Beauty, that’s what’s on my mind. Arguments are being made left and right by people who want to put an end to ugliness. And I’m on board with that, especially as it relates to the ugliness in my own heart. I see deep-seated ugliness in myself many times throughout the day, as I make quick judgments about people, based merely on appearance or their confusion about reality.
That I should have a lower opinion of man than God does is probably the epitome of my poor judgment, the basement of my stupidity. But there it is: I think poorly of what God loves. This is ugliness in my heart, and I project it on the world around me.
But Beauty
This attracts me. I’m never repulsed by beauty, are you? Want to convince me of something? Show me not just the ugliness of what you would have me set aside, but the beauty of what you would have me reach for.

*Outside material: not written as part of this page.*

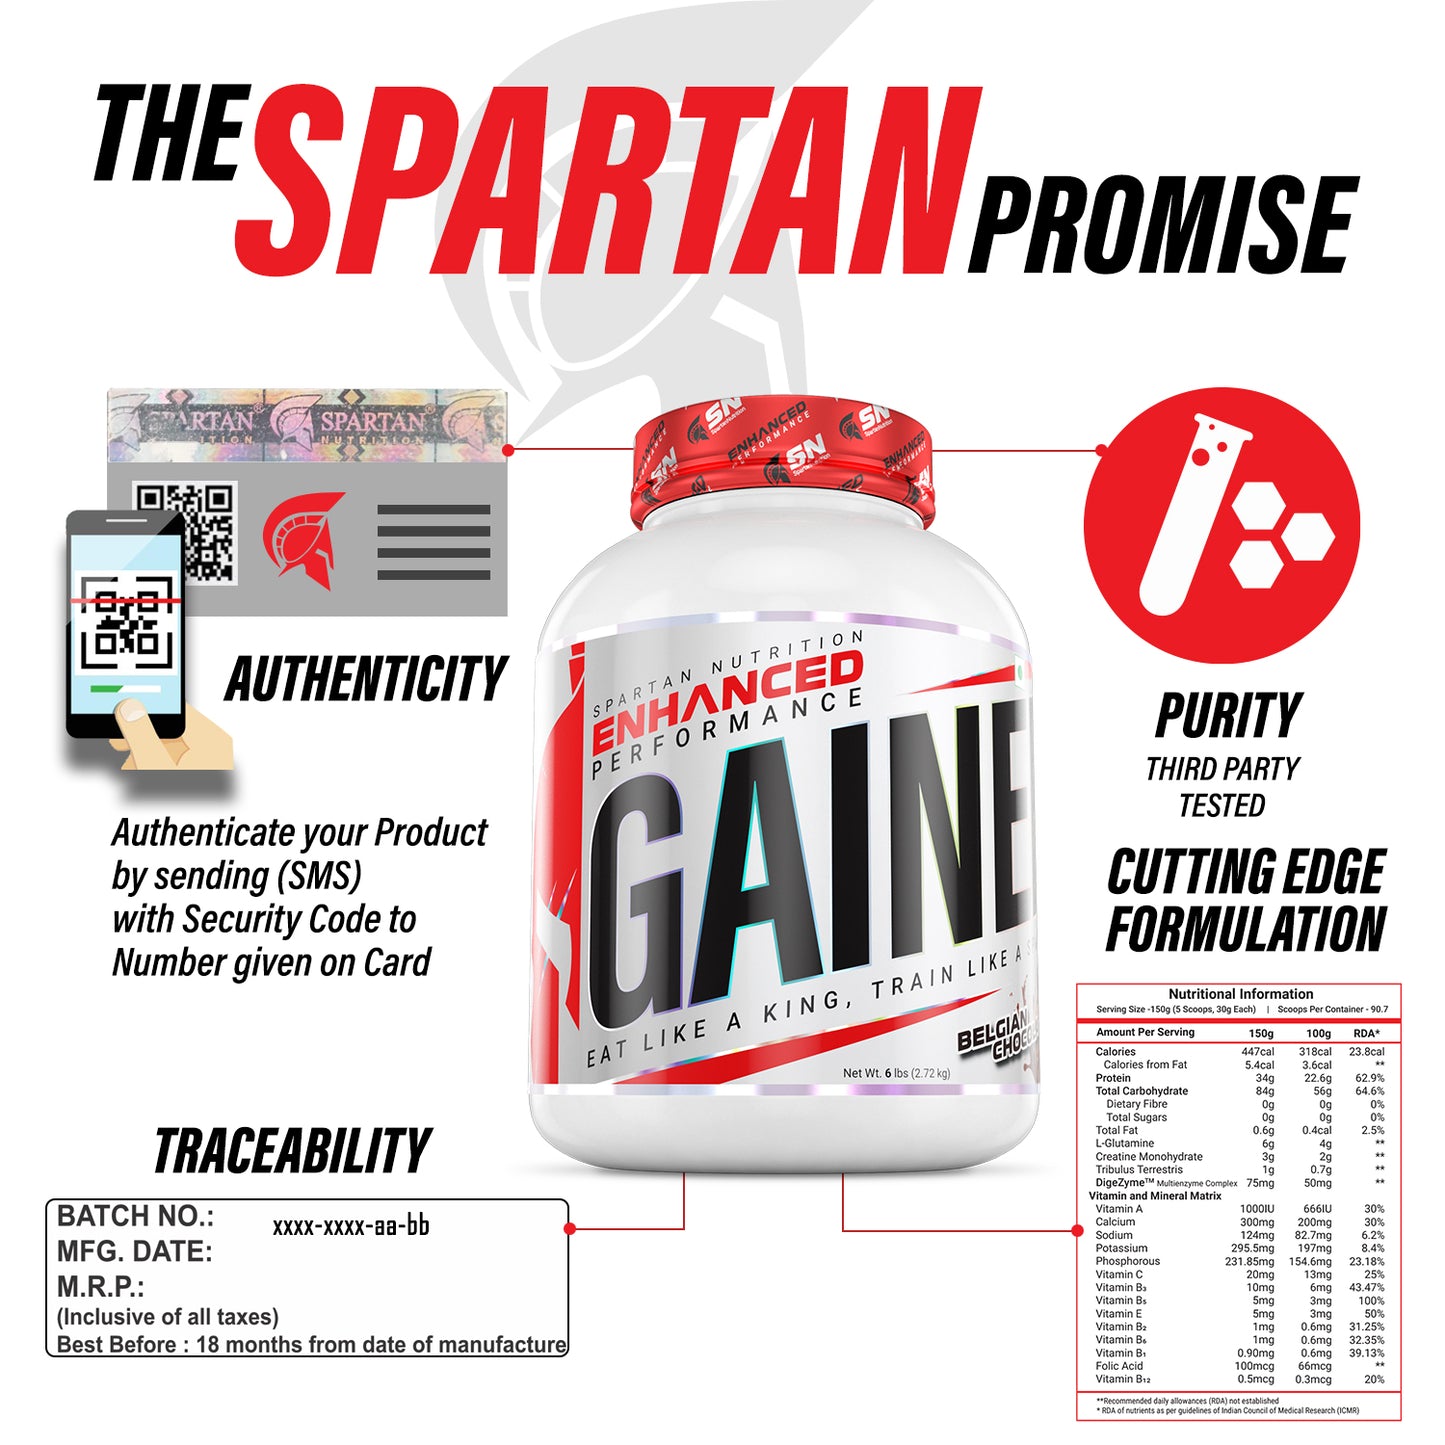 Spartan Nutrition Enhanced Performance Gainer High Protein and High Calorie with L-Glutamine and Creatine Monohydrate, Mass Gainer / Weight Gainer Powder – 6lbs, 2.72KG

We are sometimes blinded to ugliness. We are also blinded to beauty. Arguments should open eyes to beauty, to what could be, and in the end will be: a world fully aware and appreciative of beauty, perfectly reflecting God.
I’m reminded of a poem by Gerard Manly Hopkins. I can’t say that I understand every line of this yet, but let me attempt a reading, nonetheless:
God’s Grandeur
The world is charged with the grandeur of God.
It will flame out, like shining from shook foil;
It gathers to a greatness, like the ooze of oil
Crushed. Why do men then now not reck his rod?
Generations have trod, have trod, have trod;
And all is seared with trade; bleared, smeared with toil;
And wears man’s smudge and shares man’s smell: the soil
Is bare now, nor can foot feel, being shod.
And for all this, nature is never spent;
There lives the dearest freshness deep down things;
And though the last lights off the black West went
Oh, morning, at the brown brink eastward, springs—
Because the Holy Ghost over the bent
World broods with warm breast and with ah! bright wings.